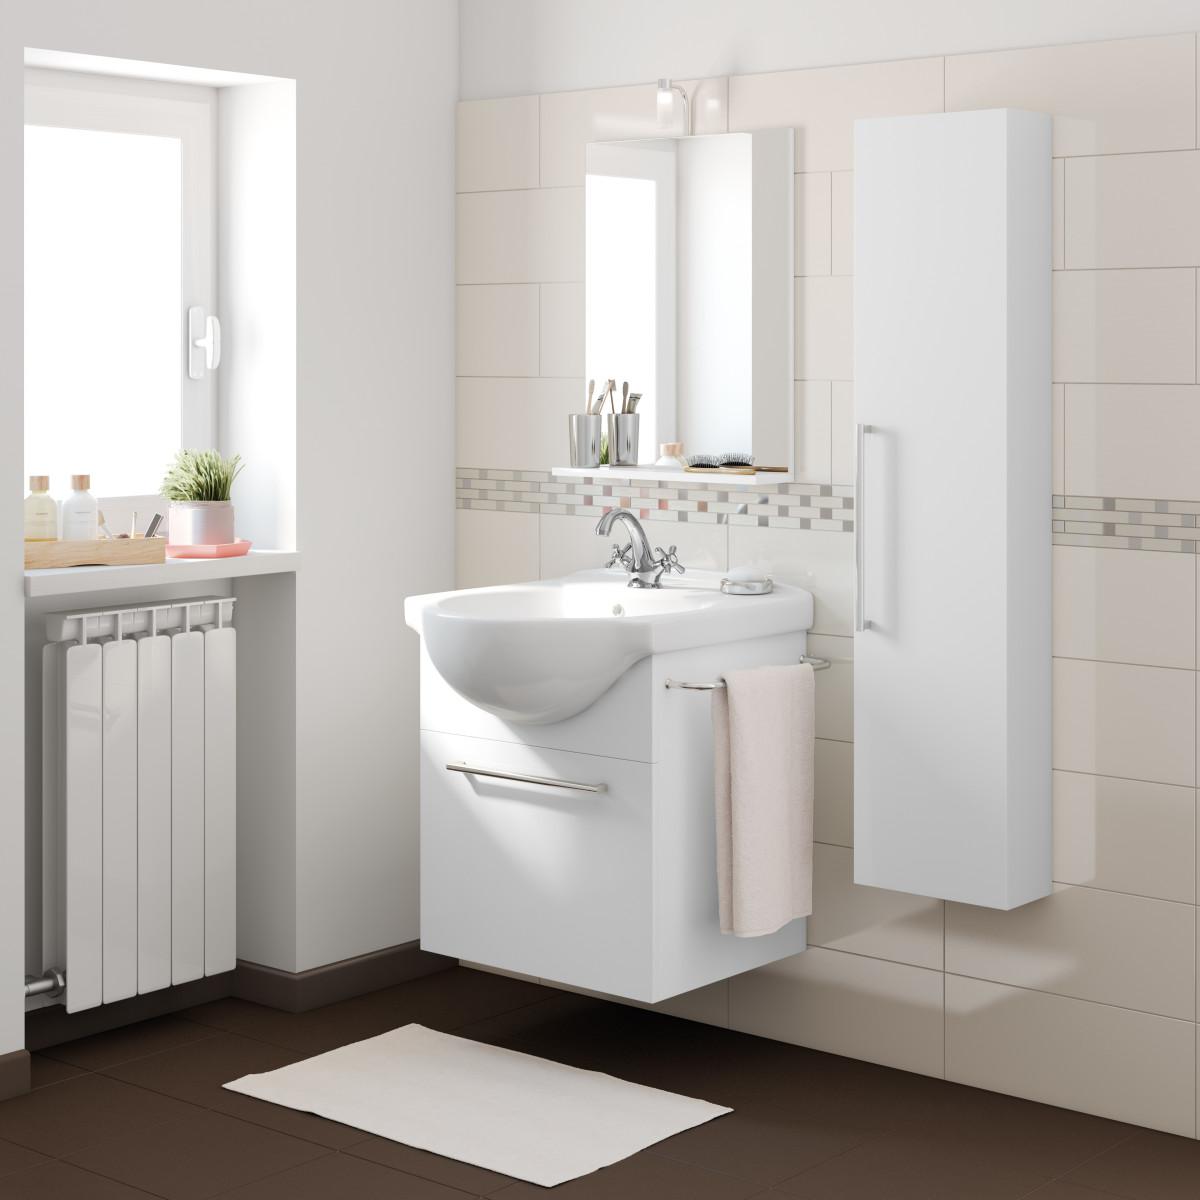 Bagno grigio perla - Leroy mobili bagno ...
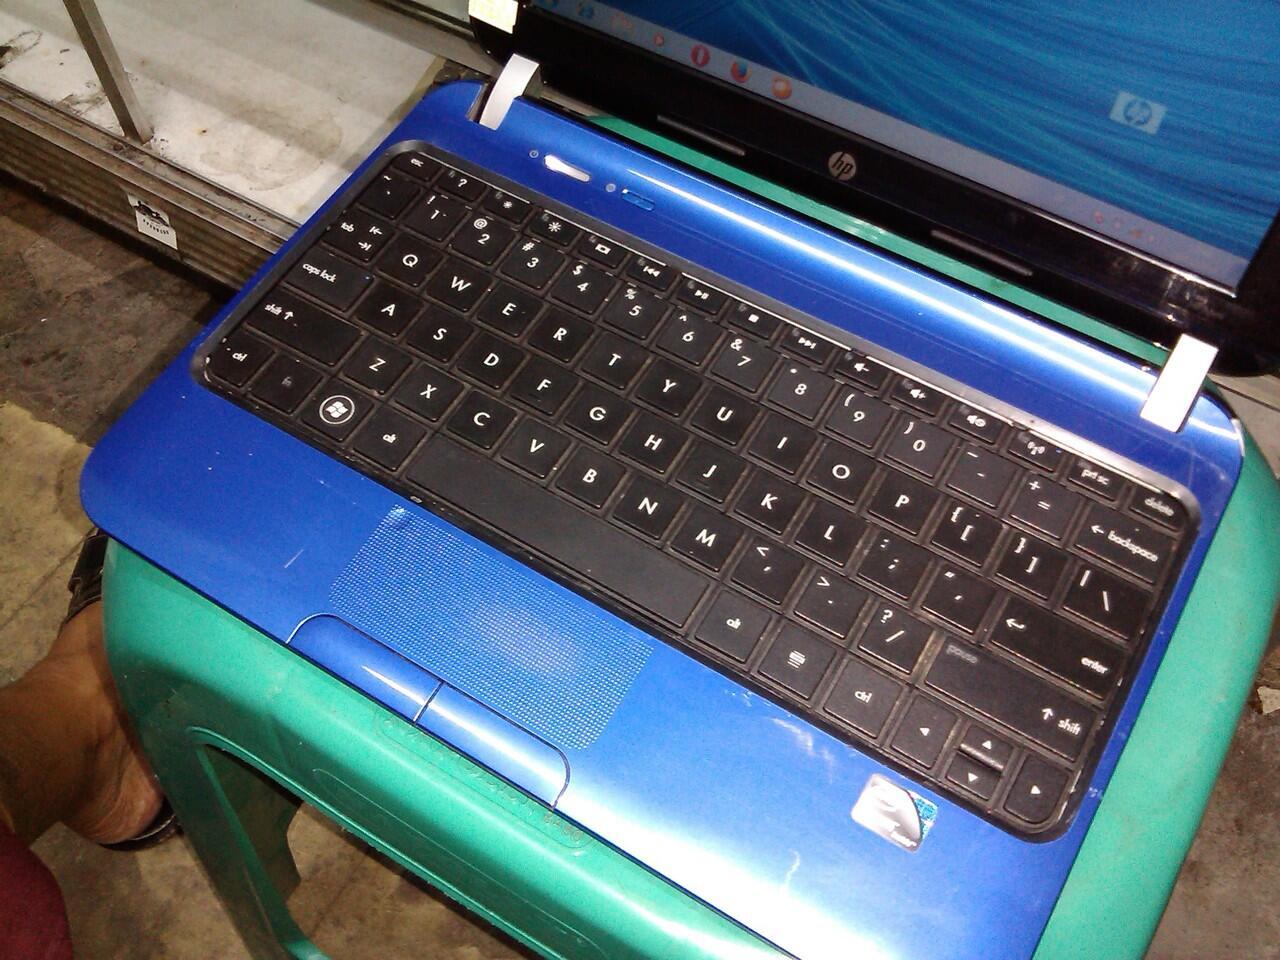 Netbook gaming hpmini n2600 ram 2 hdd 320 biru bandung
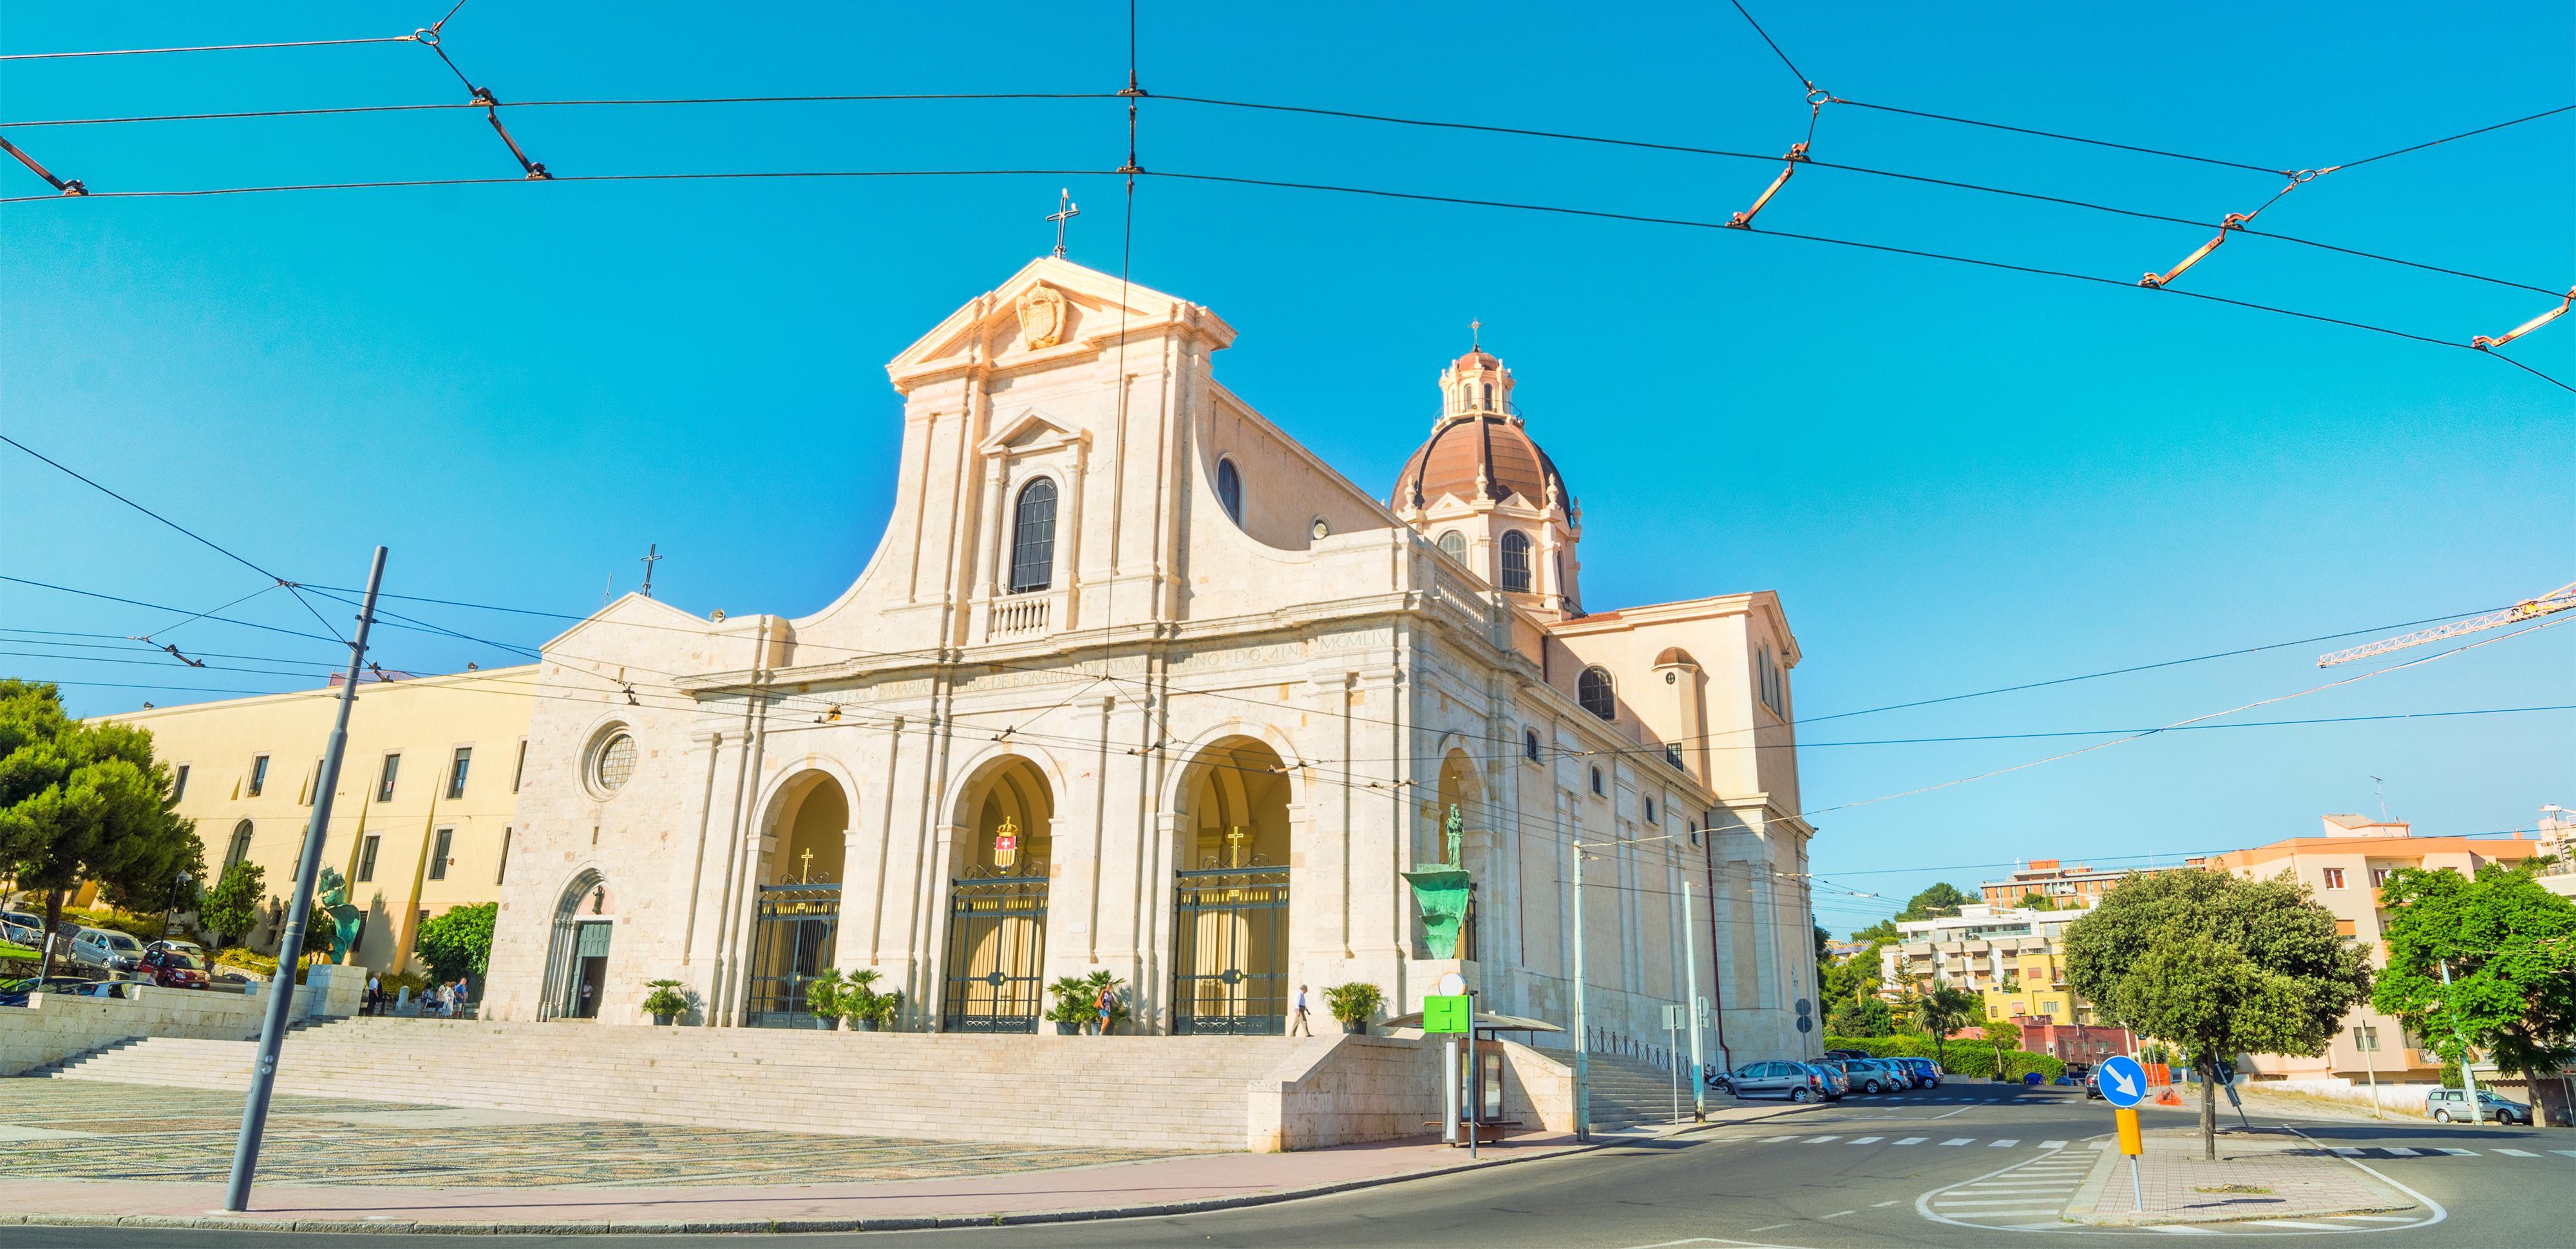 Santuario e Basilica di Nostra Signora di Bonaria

### Aim of the exercise
Starting at the line that contains "Netbook gaming hpmini" and ending at the final line of the data, reproduce each line exactly. Pictures stay out of the copy.

### Exercise response
 Netbook gaming hpmini n2600 ram 2 hdd 320 biru bandung
 Santuario e Basilica di Nostra Signora di Bonaria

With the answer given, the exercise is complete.